You aren't actually allocating a block in that code. The body of the block is all static content; nothing changes post compilation.

If you do this:

    _weakBlock = ^void{
        NSLog(@"Execution inside a weakBlock");
    };
    NSLog(@"%@", [_weakBlock class]);

You'll see this:

2018-10-21 09:33:48.827423-0500 kdkdkdkds[9367:1777827] __NSGlobalBlock__

The compiler recognized the block doesn't capture anything that might change at runtime and, accordingly, created a global static block which will never be allocated.

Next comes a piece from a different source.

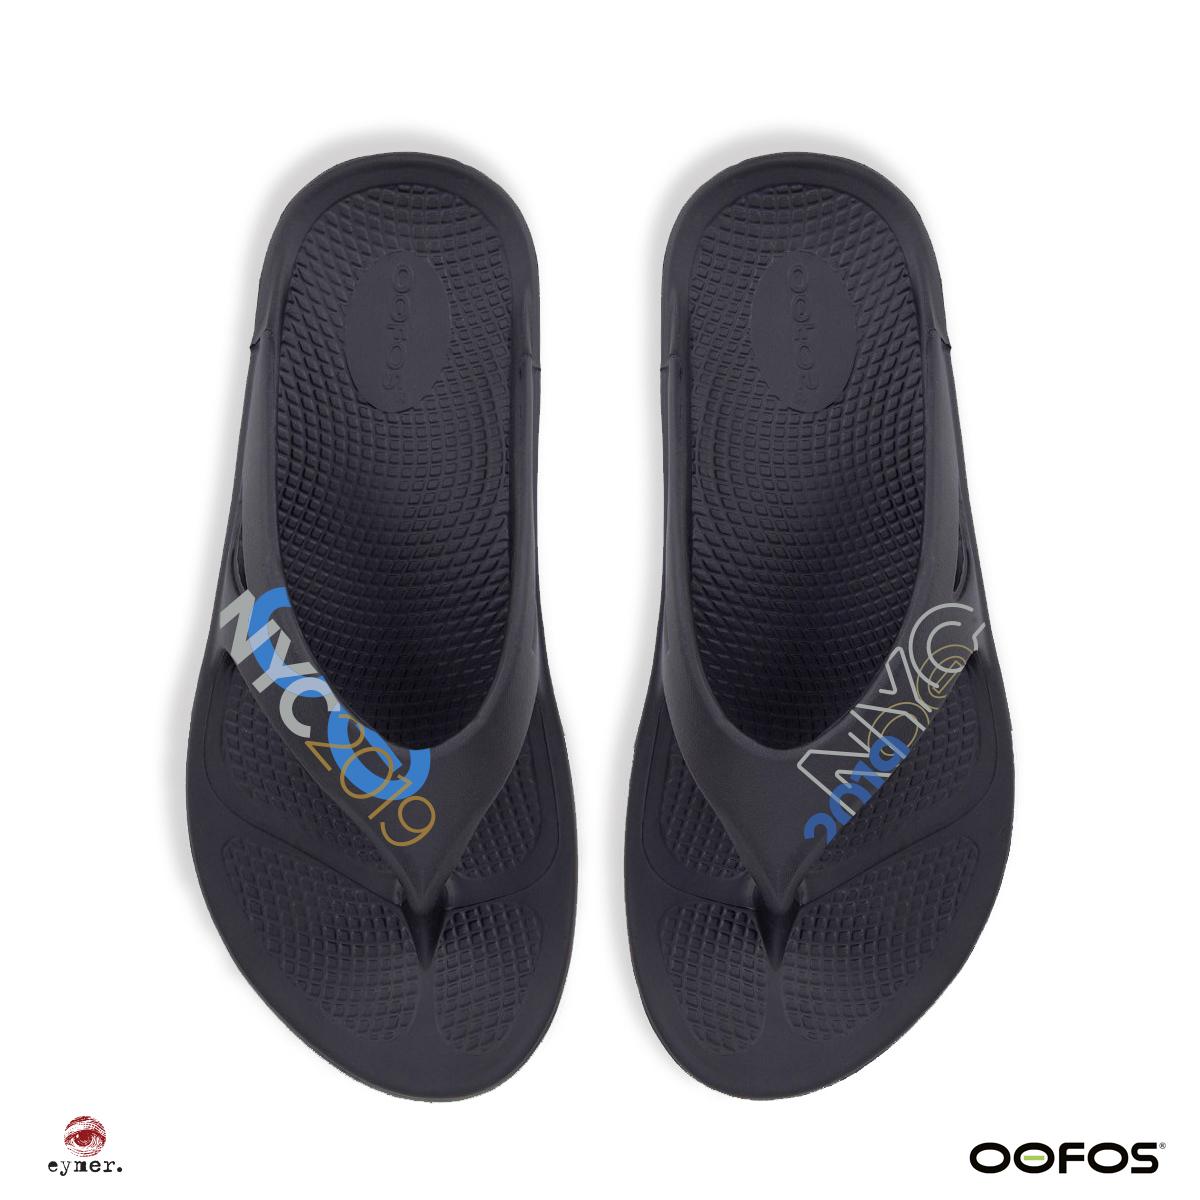 OOriginal sandal   New York City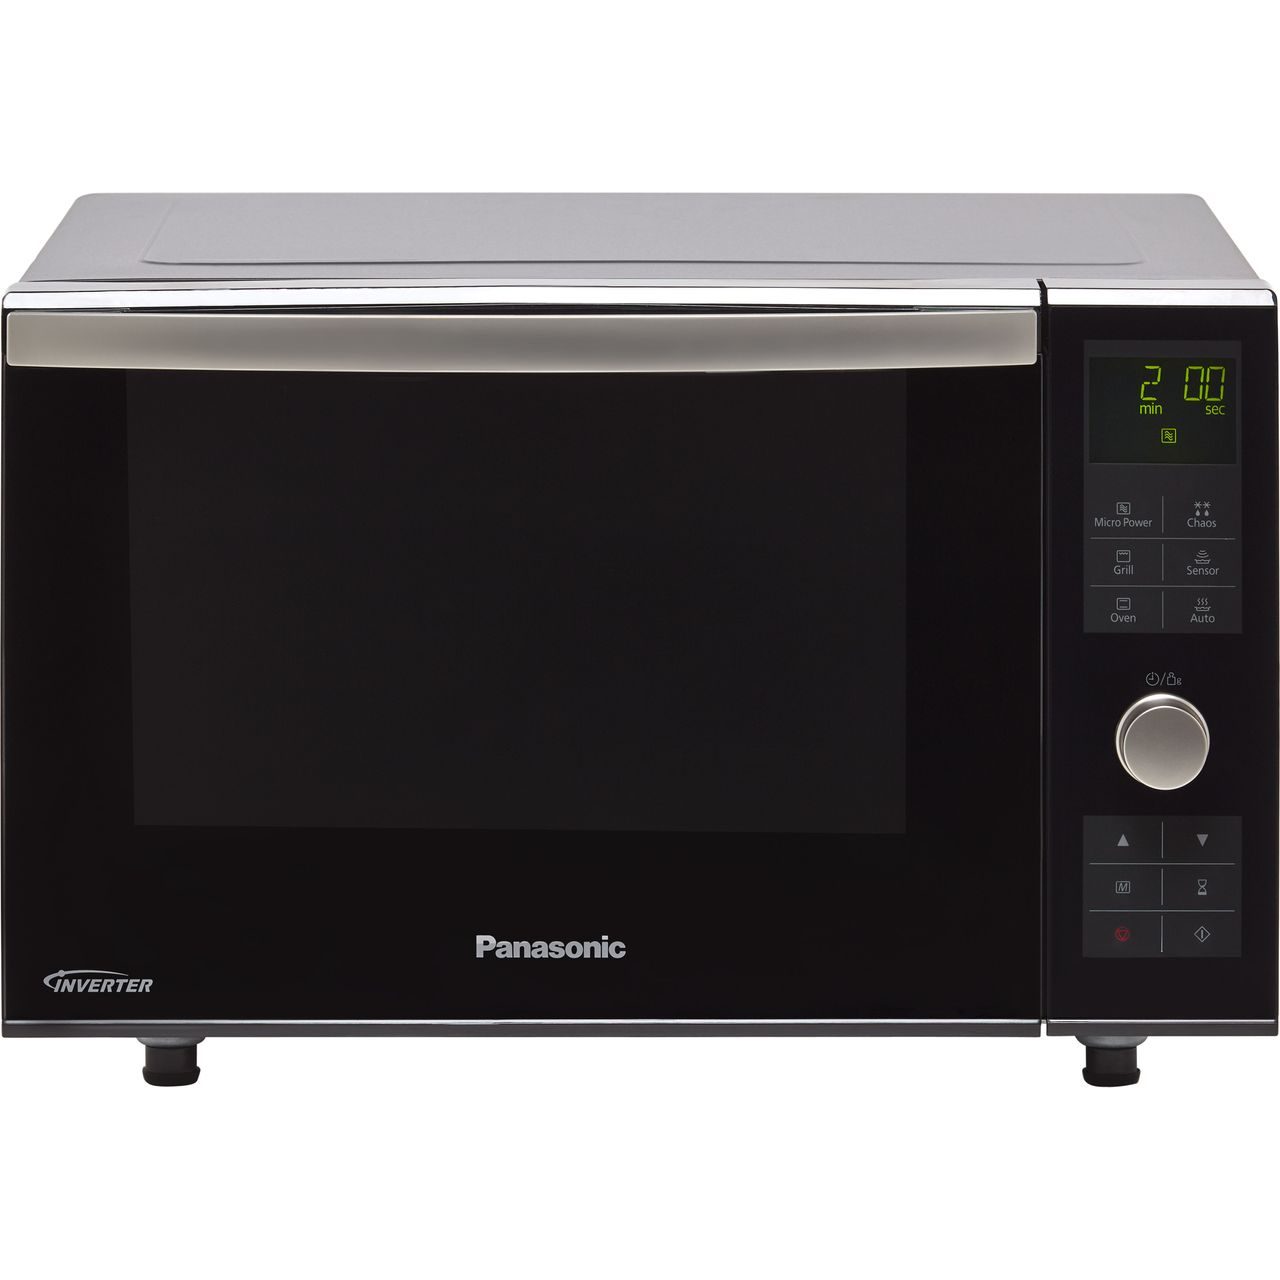 Panasonic Microwave Main Image Panasonic Convection

As @Brandon said in a comment, if you declared a local variable in your scope and caused a stack block to be allocated, that wouldn't go away until the end of the scope. 

@autoreleasepool {
    void __weak (^_weakBlock)(void);
    int k = 2;
    _weakBlock = ^void{
        NSLog(@"Execution inside a weakBlock (%d)", k);
    };
    NSLog(@"C; %@", [_weakBlock class]);
    NSLog(@"P; %p", _weakBlock);
}
2018-10-21 09:36:31.585458-0500 kdkdkdkds[9392:1780803] C; __NSStackBlock__
2018-10-21 09:36:31.586291-0500 kdkdkdkds[9392:1780803] P; 0x7ffeefbff4c0

Now, instance variable assignment changes the rules slightly because you are assigning out of scope.

@interface SpongeBob:NSObject
@end

@interface SpongeBob ()
{
}
@property (nonatomic, weak) void (^weakBlock)(void);
@end

@implementation SpongeBob
- (instancetype)init
{
    self = [super init];
    if (self) {
        int k = 2;
        _weakBlock = ^void{
            NSLog(@"Execution inside a weakBlock (%d)", k);
        };
        NSLog(@"C; %@", [_weakBlock class]);
        NSLog(@"P; %p", _weakBlock);
    }
    return self;
}
@end


int main(int argc, const char * argv[]) {
    @autoreleasepool {
        [[SpongeBob alloc] init];
    }
    return 0;
}

2018-10-21 09:43:39.518545-0500 kdkdkdkds[9480:1787889] C; __NSStackBlock__
2018-10-21 09:43:39.518883-0500 kdkdkdkds[9480:1787889] P; 0x7ffeefbff488

Wait. What? If that value is really being assigned to the ivar, then this is a ticking time bomb. So, let's try something:

If we add:

- (void)squarePants
{
    NSLog(@"C; %@", [_weakBlock class]);
    NSLog(@"P; %p", _weakBlock);
}

And then call it:

    SpongeBob *bob = [[SpongeBob alloc] init];
    [bob squarePants];

It crashes, as expected, because the stack block is no longer valid as init's scope

(This seems rather mean. Then again, if you eliminate the warning, the crash goes away.)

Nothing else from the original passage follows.